Let’s consider a table4
to merge
with table3
.
table4
## id h
## 1: a 31
## 2: a 32
## 3: a 33
## 4: a 34
## 5: a 35
## 6: b 36
## 7: b 37
## 8: b 38
## 9: c 39
setkey(table4, "id")
If we try to perform merge(table3, table4)
, data.table
returns an error, because the number of rows of the merged table is larger than the sum of the rows of merged tables: table3
has 6 rows, table4
has 9 rows and the merged table has 19 rows. This is not exactly an error, but a warning that the size of the merged table can be too large. We must explicitly set allow.cartesian = TRUE
to tell data.table
that we are performing a cartesian join.
merge(table3, table4, allow.cartesian = TRUE)
## id g h
## 1: a 21 31
## 2: a 21 32
## 3: a 21 33
## 4: a 21 34
## 5: a 21 35
## 6: a 22 31
## 7: a 22 32
## 8: a 22 33
## 9: a 22 34
## 10: a 22 35
## 11: a 23 31
## 12: a 23 32
## 13: a 23 33
## 14: a 23 34
## 15: a 23 35
## 16: b 24 36
## 17: b 24 37
## 18: b 24 38
## 19: c 25 39
We can use the on syntax for cartesian merges (we table3[table4, on =.(id), allow.cartesian = TRUE]

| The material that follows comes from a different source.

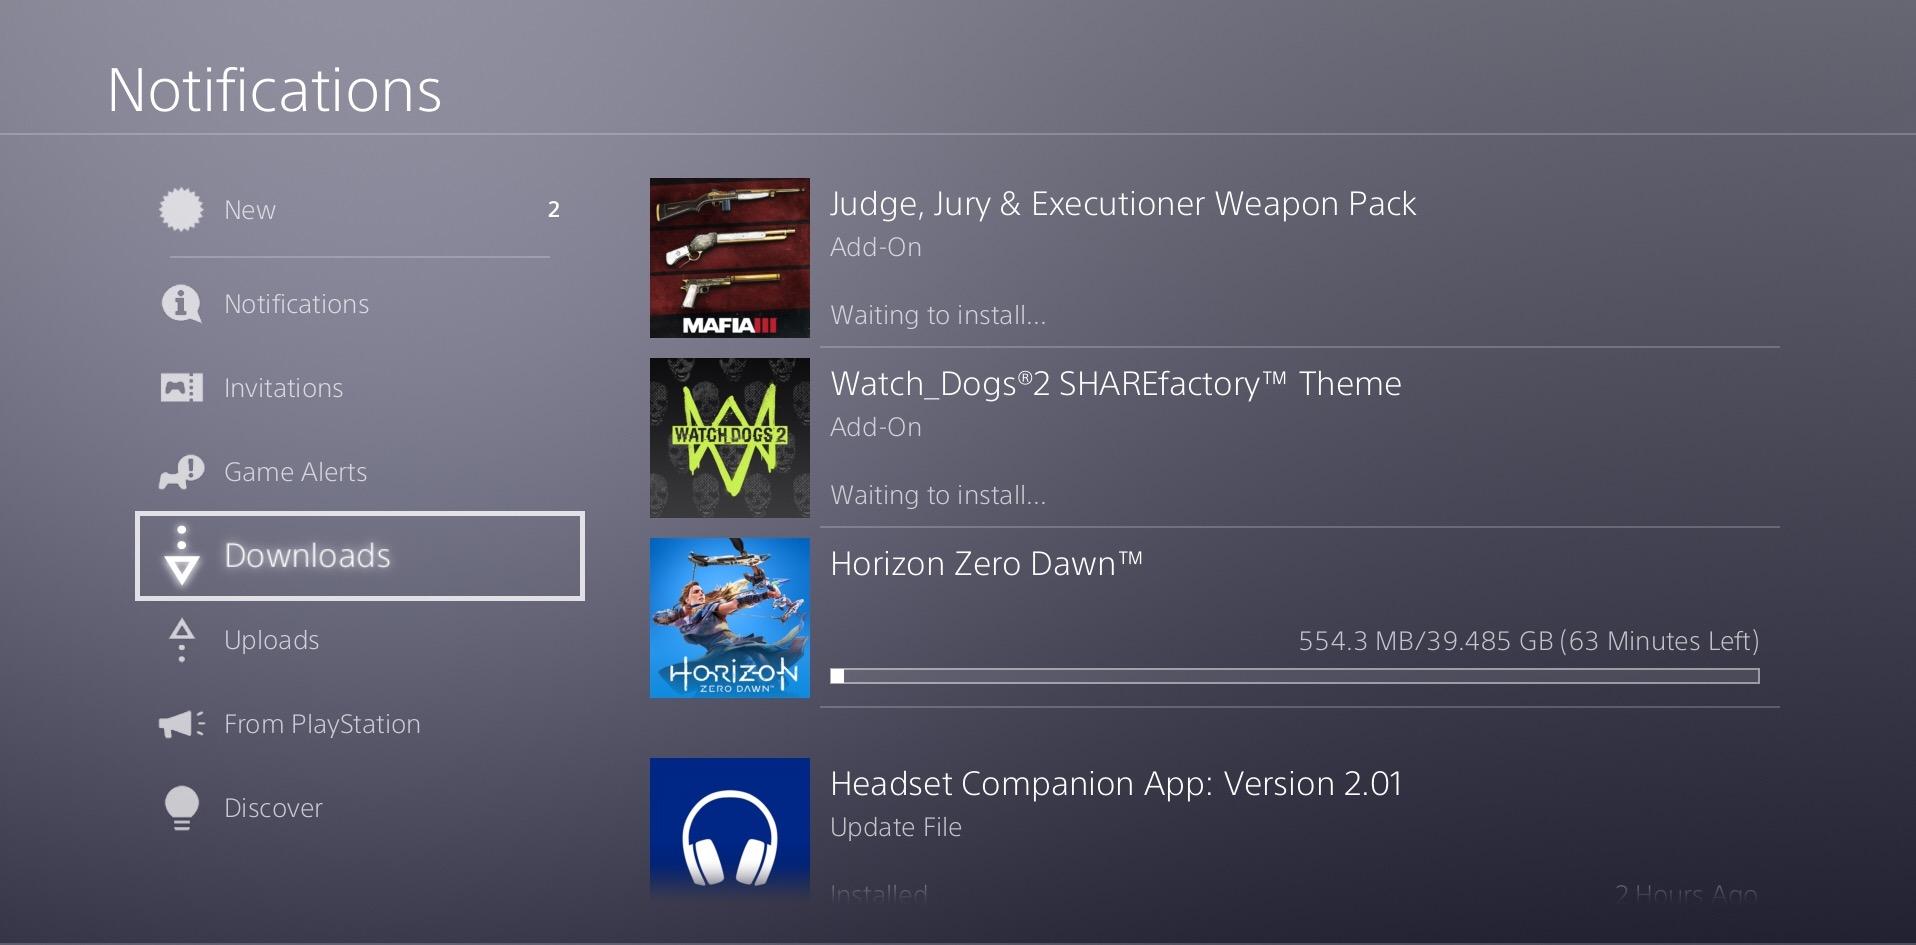 horizon_zero_dawn_download_size_1
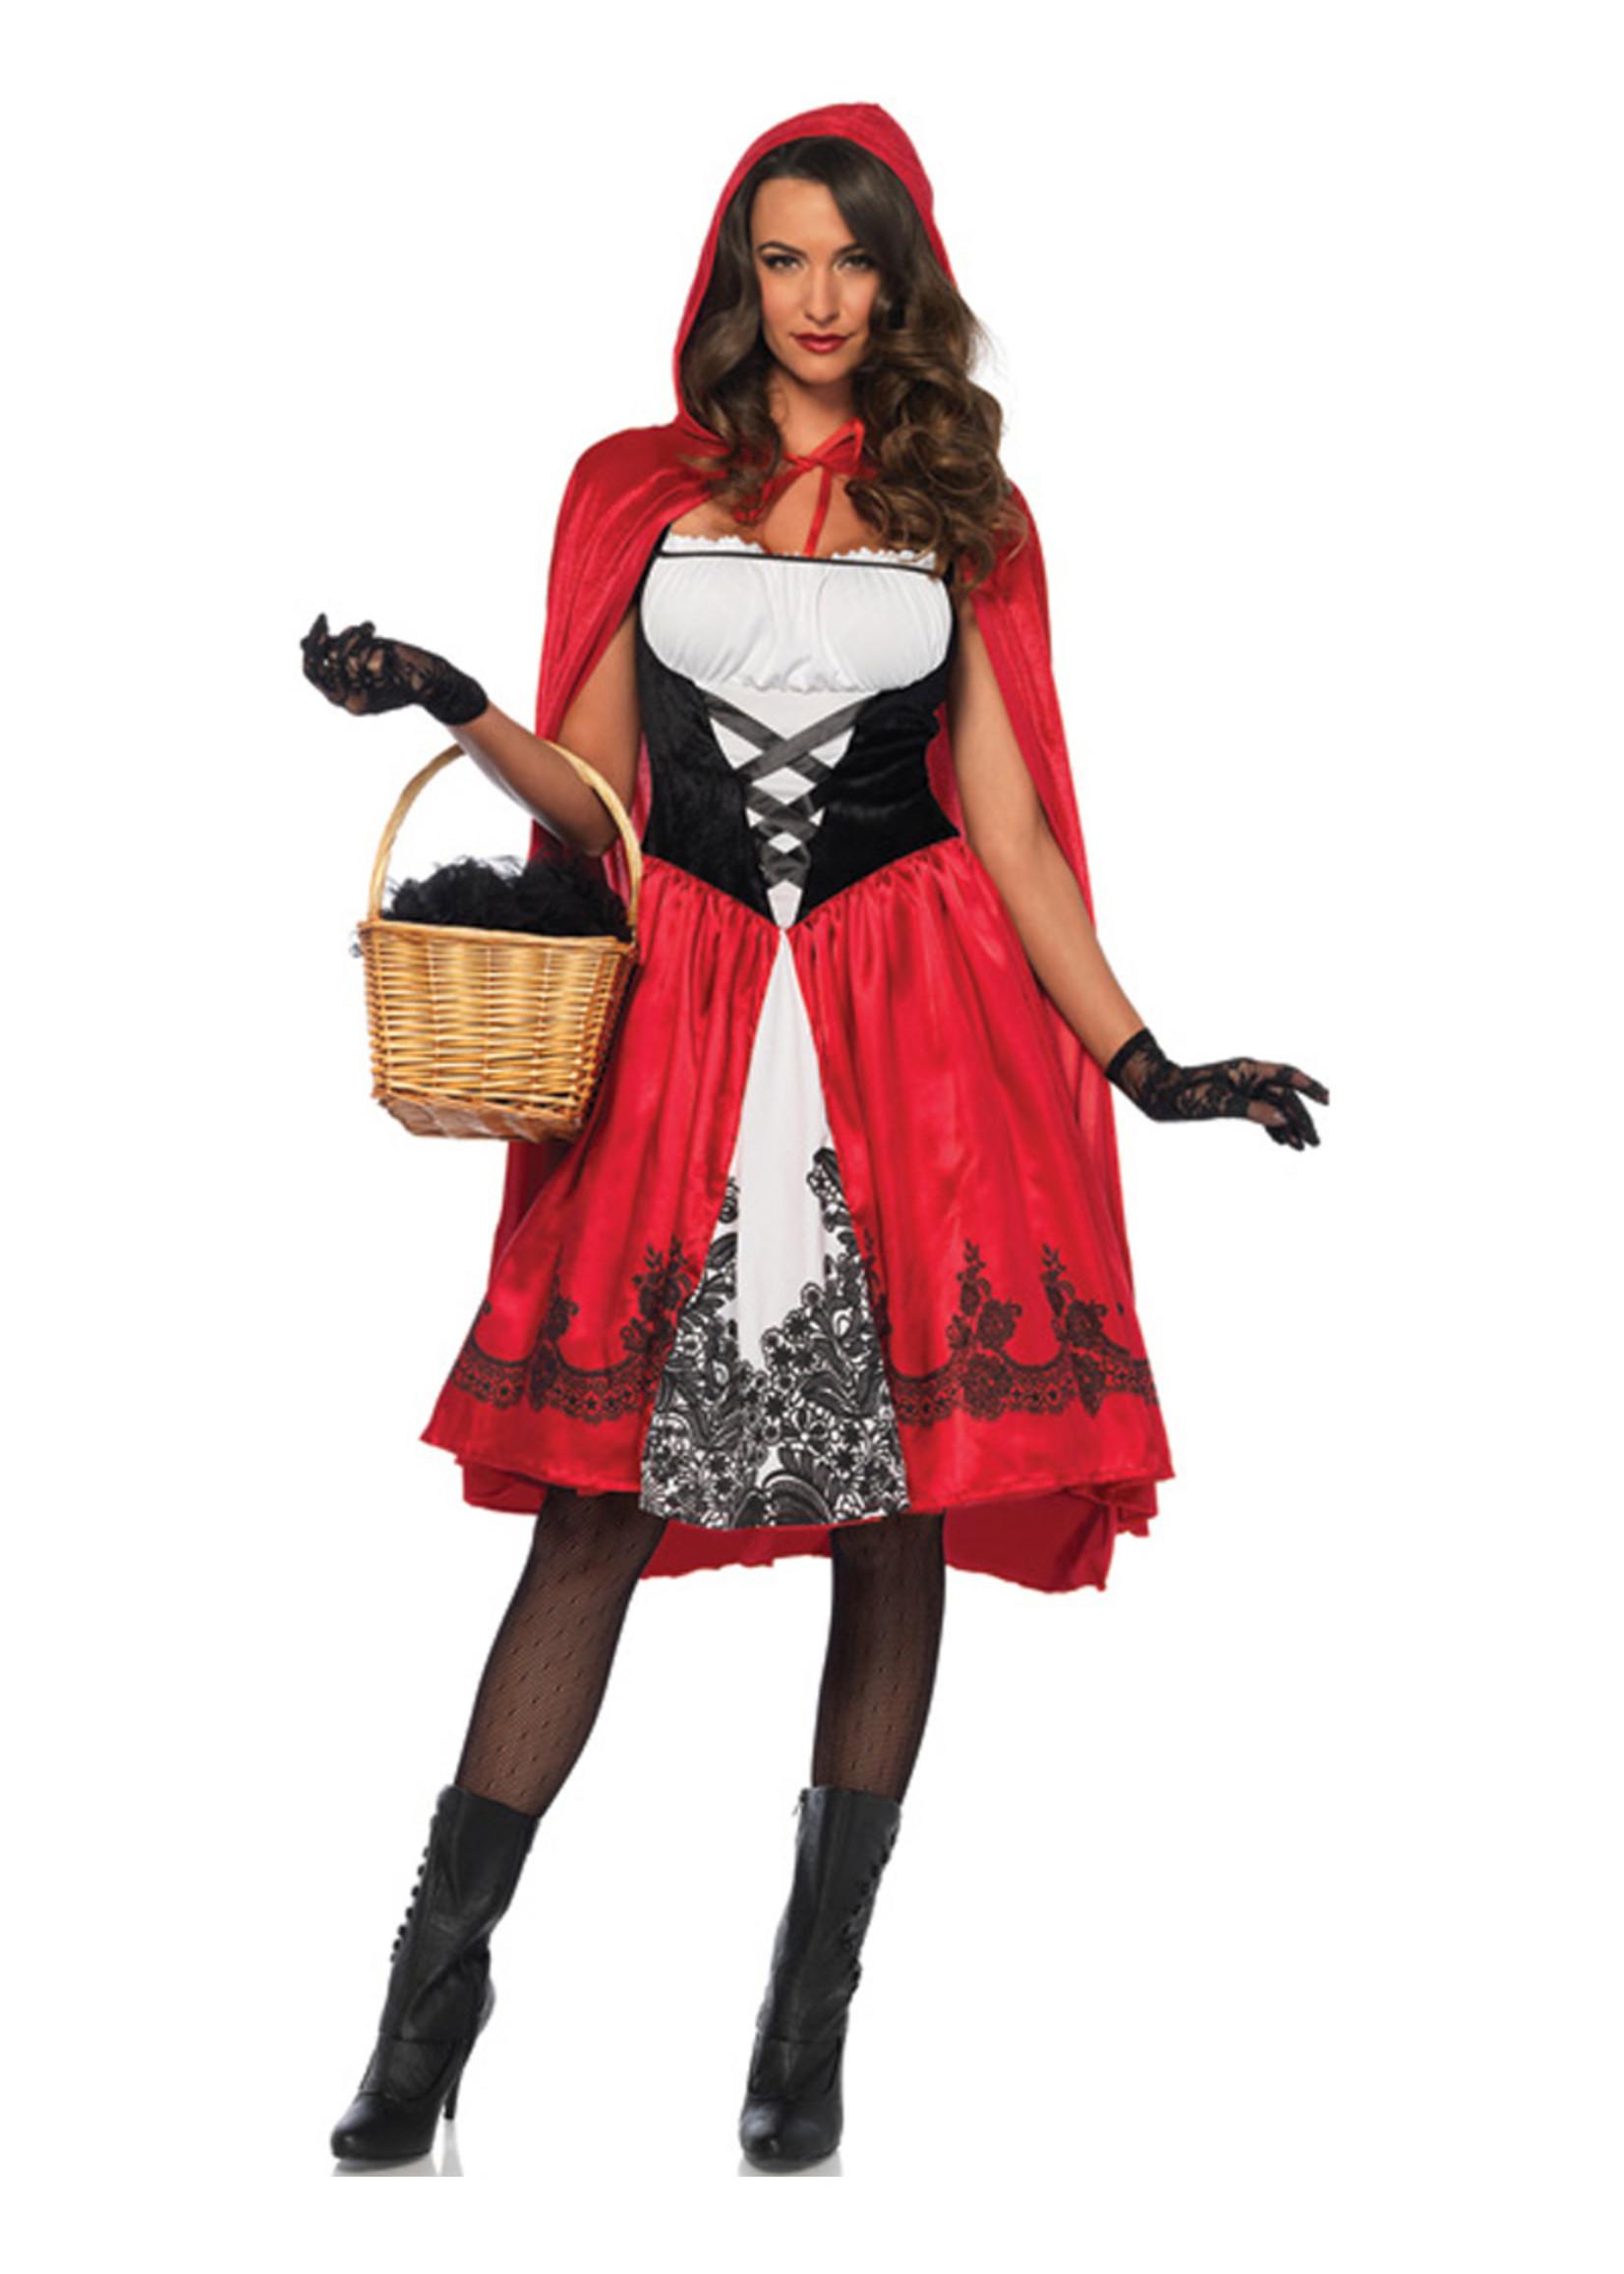 LEG AVENUE Classic Red Riding Hood Costume - Women's

if the merging variables are not defined with setkey
):
table3[table4, allow.cartesian = TRUE]
## id g h
## 1: a 21 31
## 2: a 22 31
## 3: a 23 31
## 4: a 21 32
## 5: a 22 32
## 6: a 23 32
## 7: a 21 33
## 8: a 22 33
## 9: a 23 33
## 10: a 21 34
## 11: a 22 34
## 12: a 23 34
## 13: a 21 35
## 14: a 22 35
## 15: a 23 35
## 16: b 24 36
## 17: b 24 37
## 18: b 24 38
## 19: c 25 39
Rolling join
data.table
has an additional feature to merge tables when we merge tables with dates or times. To illustrate that, let’s consider merging table1
and a new table5
:
table1
## id v date
## 1: a 1 2021-01-01
## 2: a 2 2021-03-23
## 3: b 3 2021-02-13
## 4: b 4 2021-05-28
## 5: c 5 2021-12-17
## 6: e 6 2021-12-31
setkey(table1, "id", "date")
table5
## id h date
## 1: a 31 2021-01-01
## 2: a 32 2021-02-04
## 3: a 33 2021-03-23
## 4: a 34 2021-06-03
## 5: a 35 2021-08-15
## 6: b 36 2021-02-13
## 7: b 37 2021-05-28
## 8: b 38 2021-07-12
## 9: c 39 2021-12-17
setkey(table5, "id", "date")
When we perform a merge with the on
syntax, we have NA
in the columns of table1
(what we have performed is equivalent to table3[table4, on =.(id), allow.cartesian = TRUE]
):
table1[table5]
## id v date h
## 1: a 1 2021-01-01 31
## 2: a NA 2021-02-04 32
## 3: a 2 2021-03-23 33
## 4: a NA 2021-06-03 34
## 5: a NA 2021-08-15 35
## 6: b 3 2021-02-13 36
## 7: b 4 2021-05-28 37
## 8: b NA 2021-07-12 38
## 9: c 5 2021-12-17 39
Both tables have a column of temporal values. If we interpret that date
is the moment when the variable v
changes in table1
, then the value of v
in the second row of the merged table is 1
, 2
in rows 4 and 5 and 4
in row 8. We can implement that doing roll = TRUE
:
table1[table5, roll = TRUE]
## id v date h
## 1: a 1 2021-01-01 31
## 2: a 1 2021-02-04 32
## 3: a 2 2021-03-23 33
## 4: a 2 2021-06-03 34
## 5: a 2 2021-08-15 35
## 6: b 3 2021-02-13 36
## 7: b 4 2021-05-28 37
## 8: b 4 2021-07-12 38
## 9: c 5 2021-12-17 39
I have used version 1.13.6 of data.table in R 4.0.3.